The idea is to use an XML document analyzer based on events (like SAX) to process the elements taking into account that the number of bytes already processed in the current slice of a larger page cannot exceed a maximum.

SAX has been chosen instead of other options (like DOM) in order to save memory use during the analysis of a document.

If the resource to be splitted was a WML document, JSR-188 might be used to get the maximum decksize and split the resource in units with a maximum weight of "decksize". Unluckily, it is not easy to guess maximum weight for a page in CC/PP or UAProf for non-WML resources (XHTML-or-variants-based documents).
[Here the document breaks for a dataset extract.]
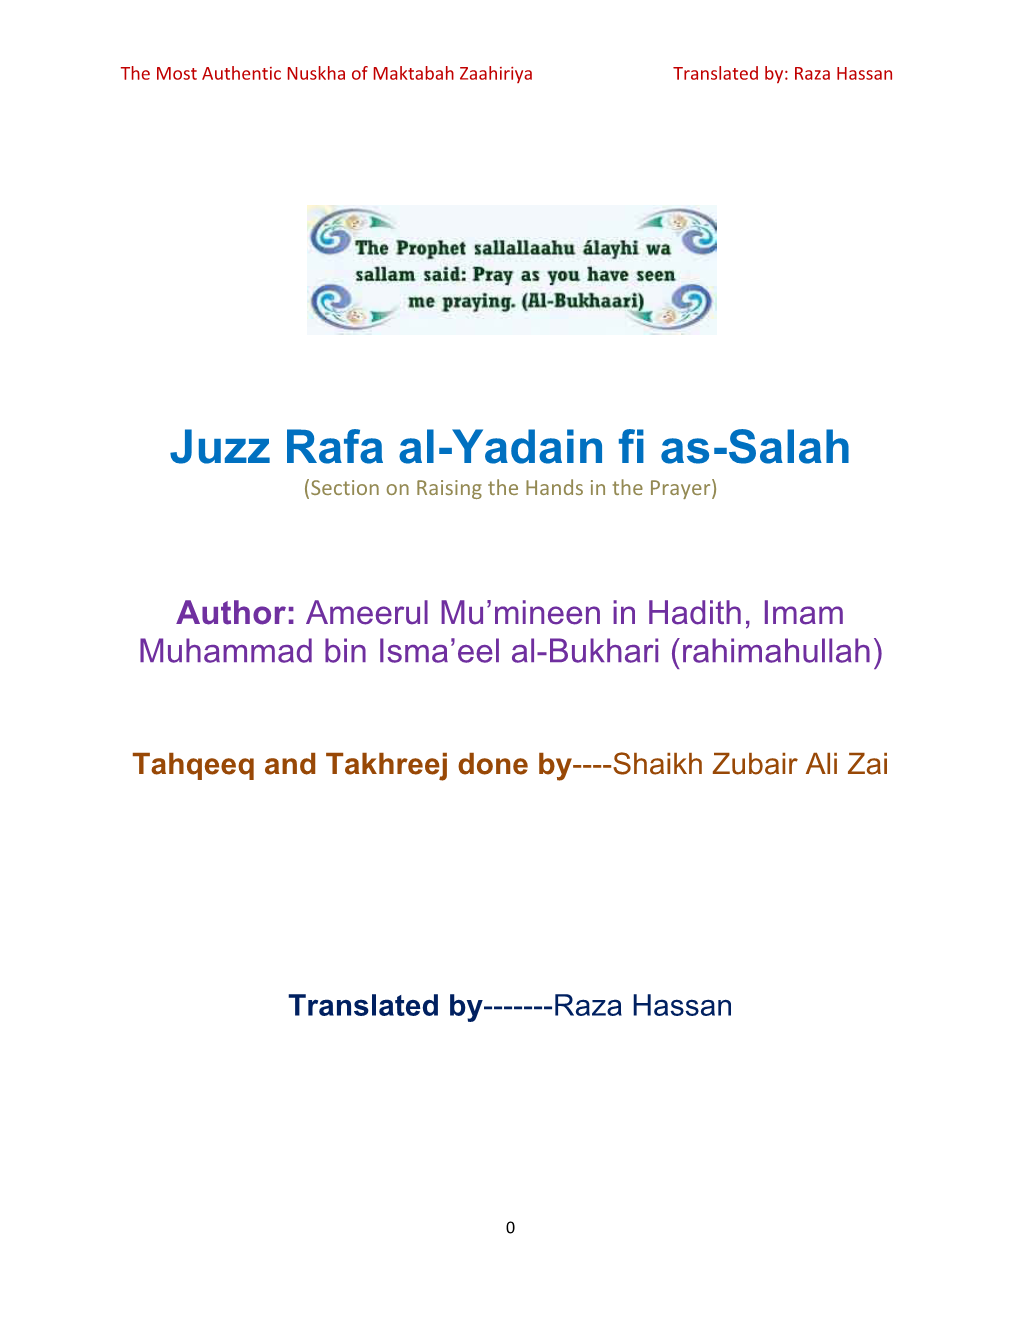 Juzz Rafa Al-Yadain Fi As-Salah (Section on Raising the Hands in the Prayer)
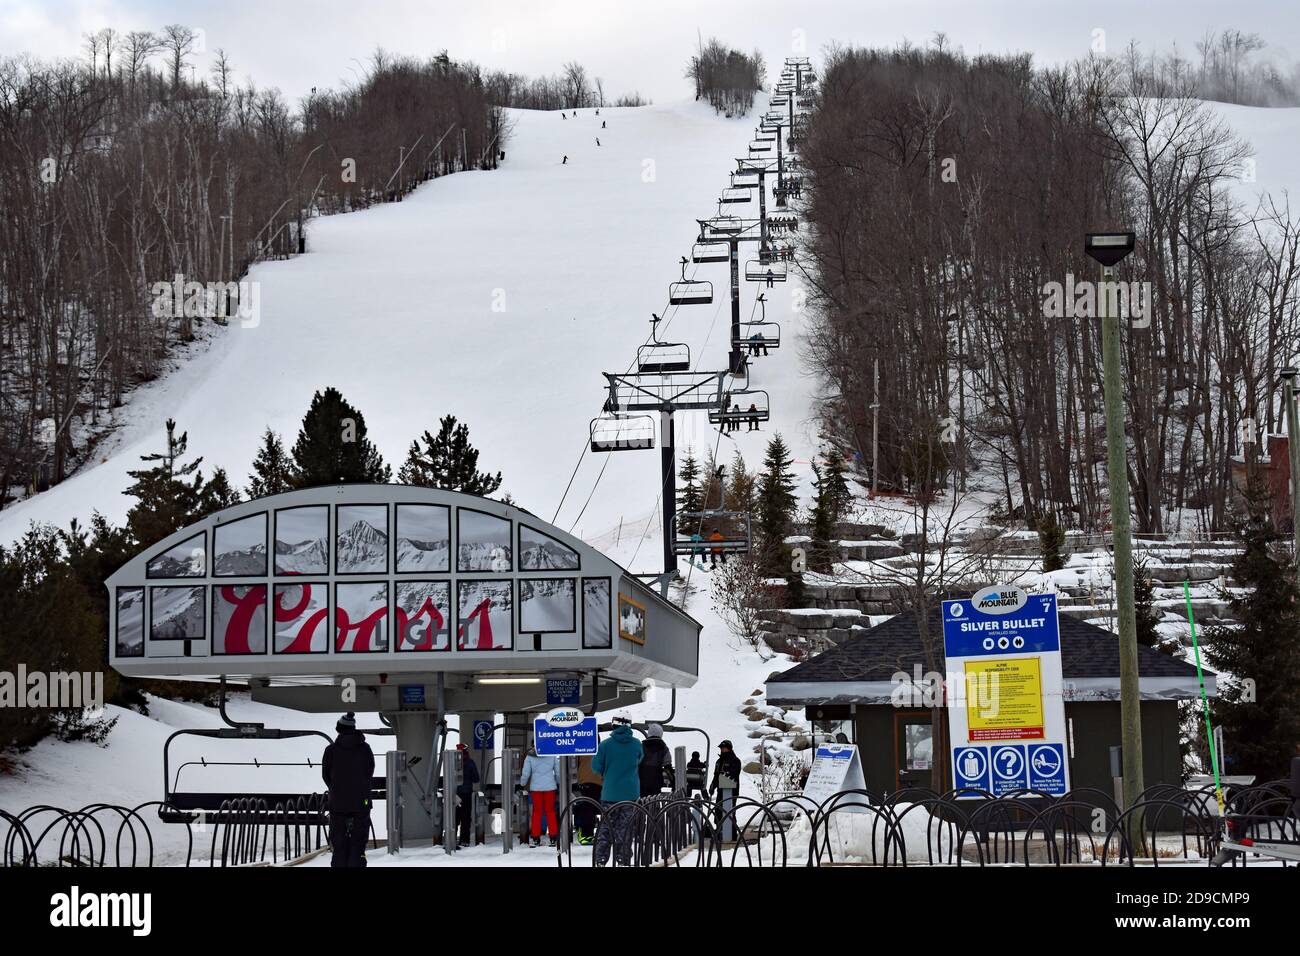 Una seggiovia per sciatori e snowboarder ha nominato Silver Bullet al Blue Mountain Resort in Ontario, Canada. La pubblicità per Coors è sulla seggiovia. Foto Stock

When trying documents as MWBP 1.0, with anchors referencing parts of the document, they do not exist in resulting sliced documents. A more refined version of the sample code should be created to achive this.

Pre-requisites:

A servlet container
JSR-188 API
SAX API

Implementation Steps:

Have a servlet container running
JSR-188 and SAX API installed and available for the application.
Create an application implemented by a servlet (SplitterExample.java) and an auxiliary class (MySplitter.java)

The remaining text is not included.